US funding issue casts pall over SCF's future

Market speculation that South Canterbury Finance is about to re-release its August prospectus for debenture bonds could be overshadowed if a United States funding consortium withdraws its $US100 million ($NZ135 million) debt facility, and additionally asks for penalty interest payments.

The $US100 million facility is South Canterbury's most pressing problem, according to one source close to the finance company, with all efforts at present focused on resolving the US funding issue.

•  Preferential shares trade down 11%

"Once that aspect is solved, everything else should fall into place," the source said of other refinancing options.

A "positive" announcement was expected to be released before the middle of next week, the source said.

The 83-year-old Timaru-based company, the largest private finance company in the country, is well past its own September 30 deadline for releasing the debenture stock prospectus.

With impaired loans and past-due-date loans in excess of $350 million and about $1 billion due in debenture releases during the coming year, South Canterbury needs a "white knight" investor, Craigs Investment Partners broker Peter McIntyre said yesterday.

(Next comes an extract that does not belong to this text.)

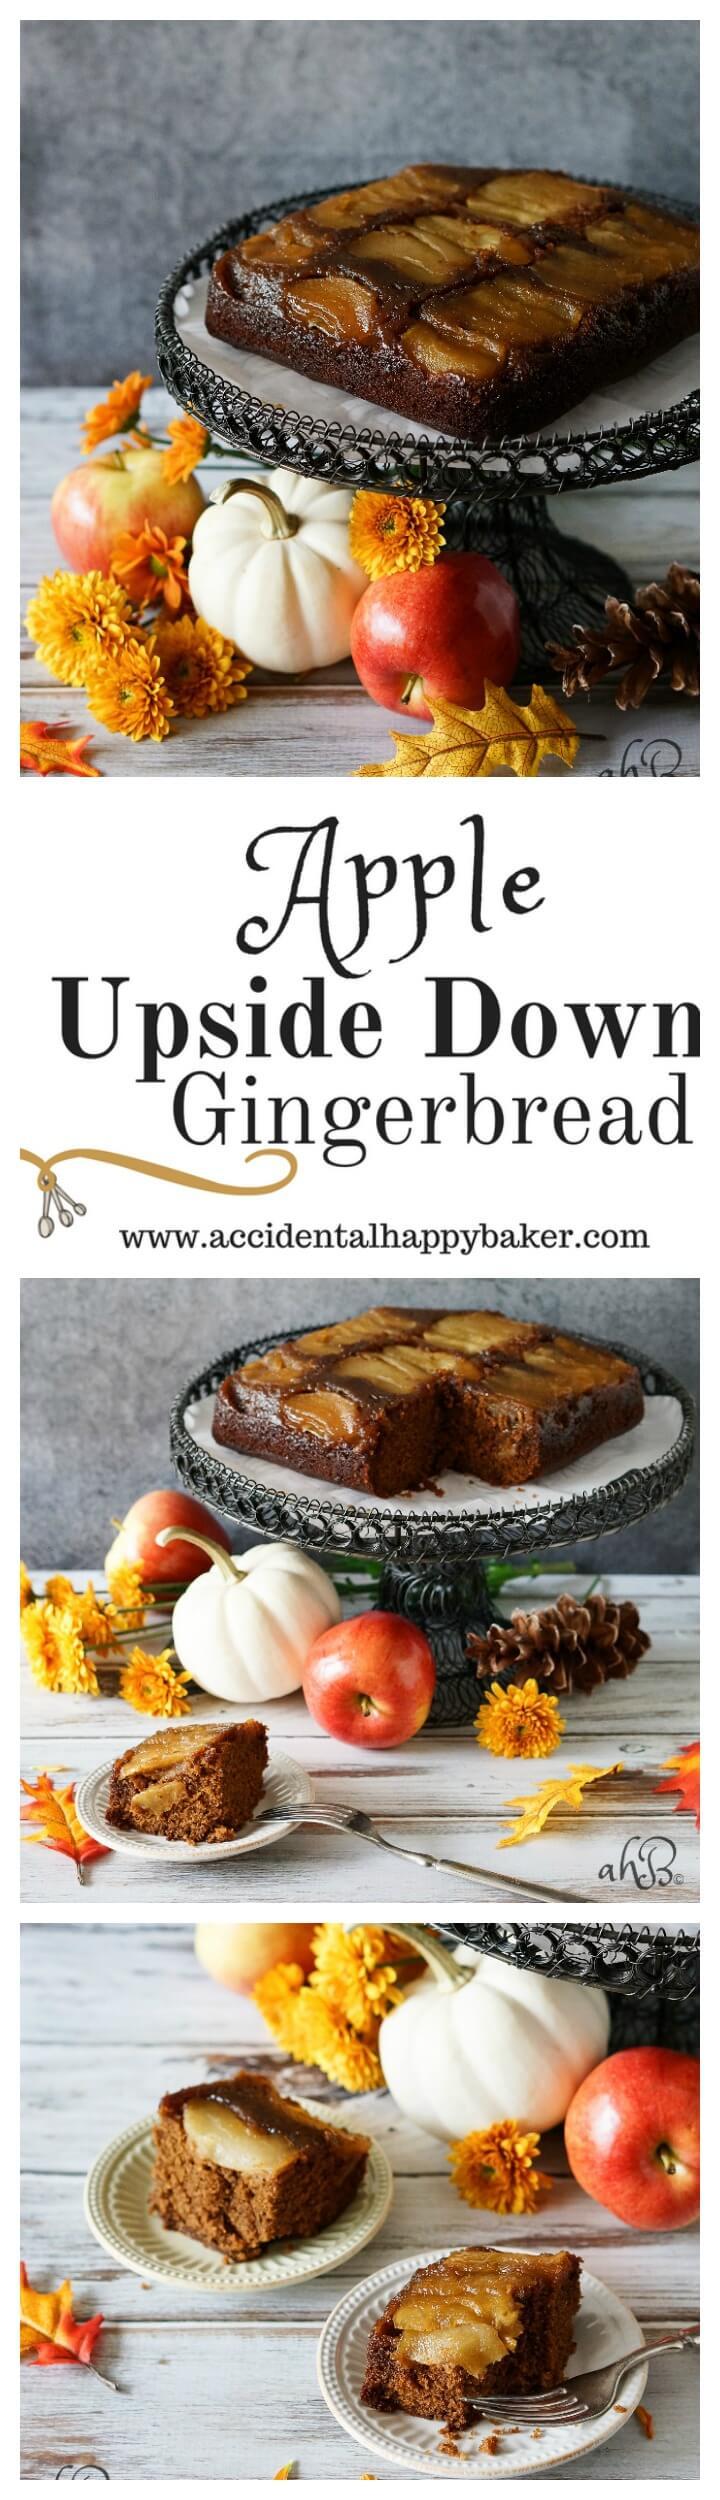 Apple Upside Down Gingerbread

"I doubt if South Canterbury will go for a public listing now with the number of issues investors have had to digest.

They desperately need a white knight," he said, saying that could be in the form of a hedge fund, investment bank or private equity injection.

In mid-August, international rating agency Standard and Poor's downgraded SCF bonds from investment grade to non-investment rating, effectively junk bonds, and a month later South Canterbury placed debenture funds into trust and ceased taking new securities as it sought to amend and reissue a prospectus put out in August.

The downgrade triggered an entitlement that a consortium of US investors had three months in which it could call in $US100 million of funding extended to South Canterbury.

Mr McIntyre said, aside from the loan itself, the penalty interest payments, and possibly break fees, could total millions of dollars.

A sharemarket float was mooted in early August, with Mr McIntyre picking at the time more than $200 million would be sought, based on SCF's loan book growth to $1.6 billion, but that would not be attractive to investors at present, he said.

Shareholder and South Canterbury chairman Alan Hubbard had injected $45 million into the company, and underwritten a further $25 million, but Mr McIntyre believes Mr Hubbard's financial resources have been "used to their fullest extent".

South Canterbury is also teetering on the edge of its minimum S&P rating at BB+ and should it be downgraded further it would fall outside the Government's guarantee scheme.

To remain in the extended scheme until October next year could cost South Canterbury an estimated $20 million to $25 million.